Only some lines are wanted: please transcribe exactly those from the one containing "Cardano Founder Reacts" through the end of the data, pictures excluded.

- _Data below_
===============
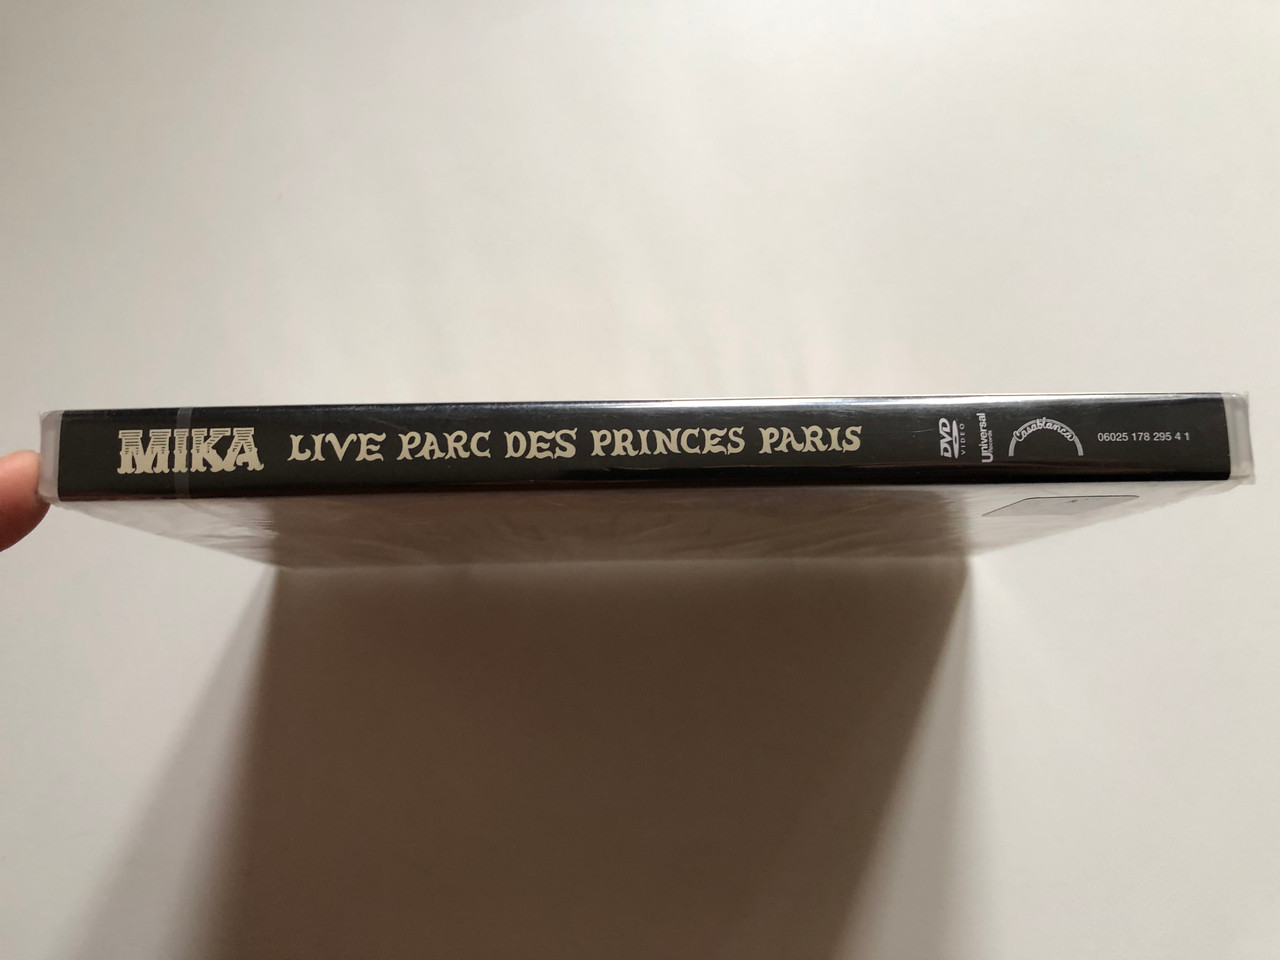 https://cdn11.bigcommerce.com/s-62bdpkt7pb/products/0/images/321930/MIKA_Live_Parc_Des_Princes_Paris_Full_live_show_from_Parc_des_Princes_Stadium_Paris_Including_Brand_New_Track_Rain_Extras_include_making_of_the_show_Documentary_Universal_Records_DV_3__57914.1705593119.1280.1280.JPG?c=2
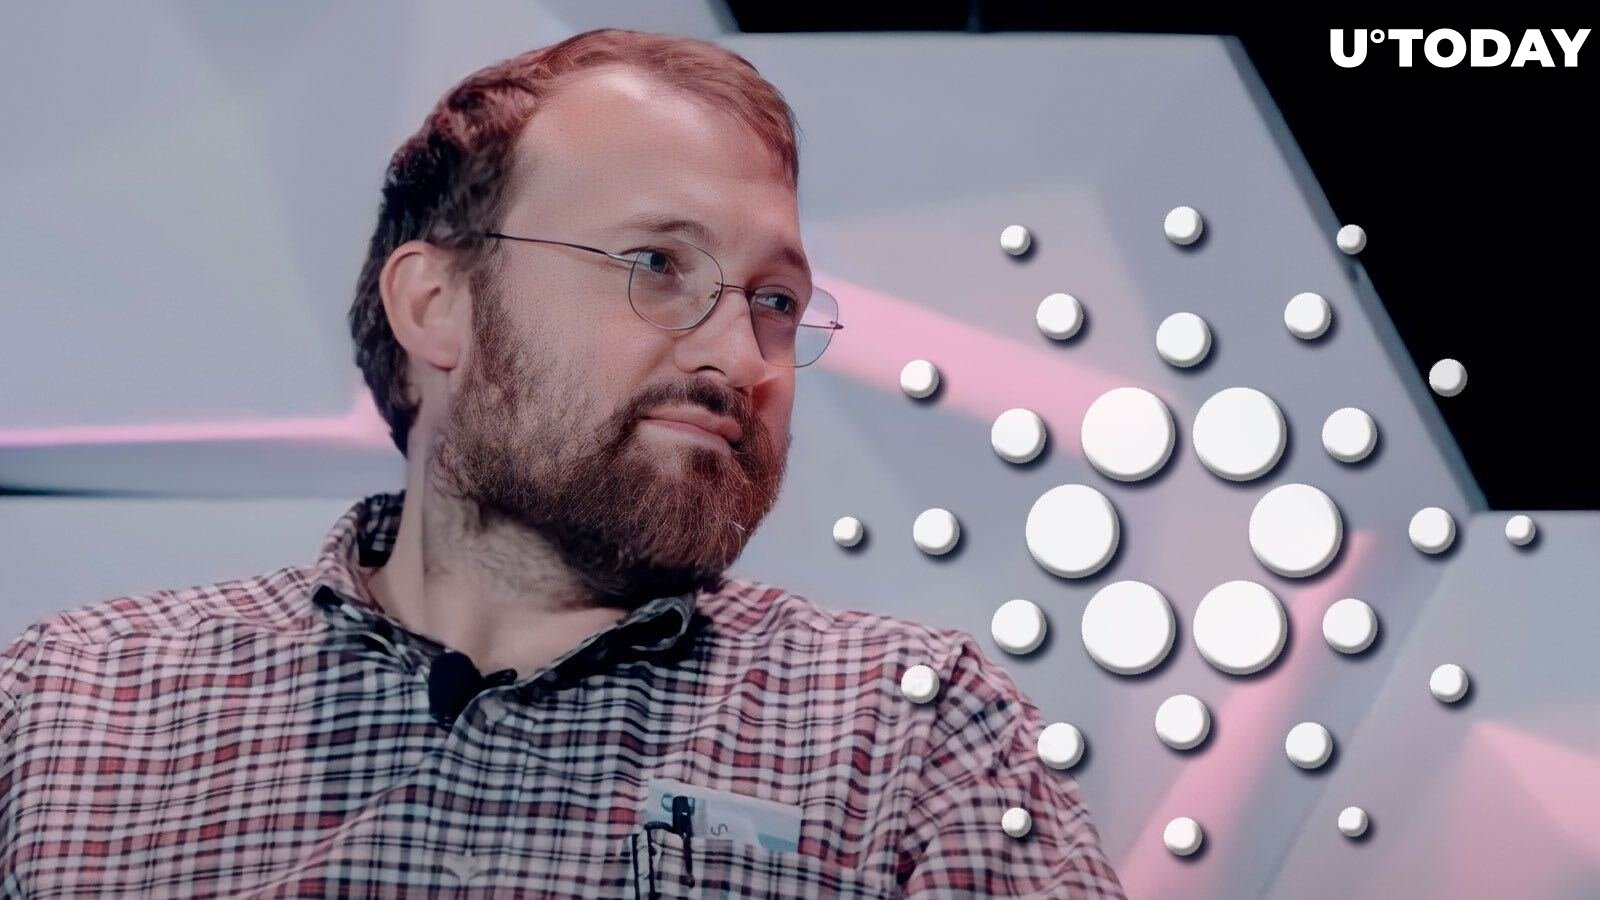 Cardano Founder Reacts to Cardano Being More Intimate Brand Than IKEA, BMW and Bitcoin
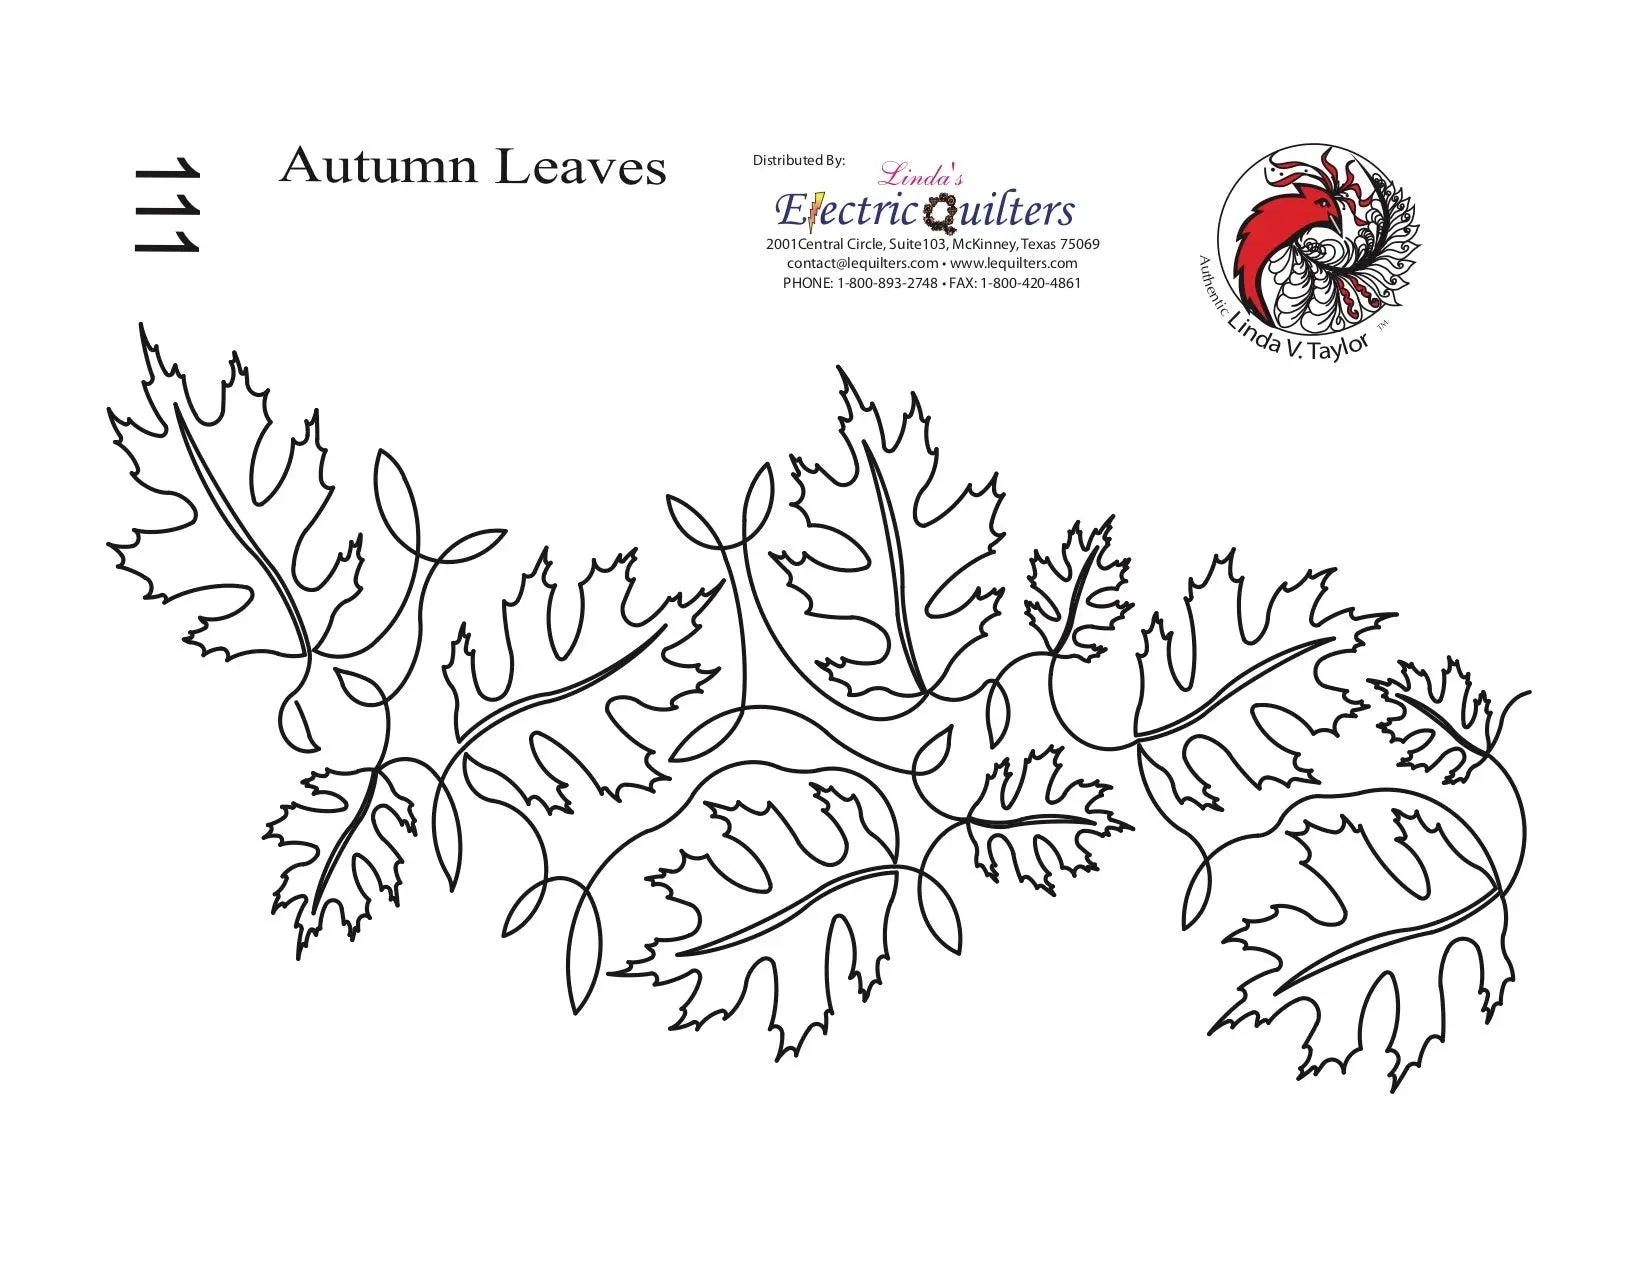 111 Autumn Leaves Pantograph by Linda V. Taylor - Linda's Electric Quilters
===============
- _Task answer_
 Cardano Founder Reacts to Cardano Being More Intimate Brand Than IKEA, BMW and Bitcoin
 111 Autumn Leaves Pantograph by Linda V. Taylor - Linda's Electric Quilters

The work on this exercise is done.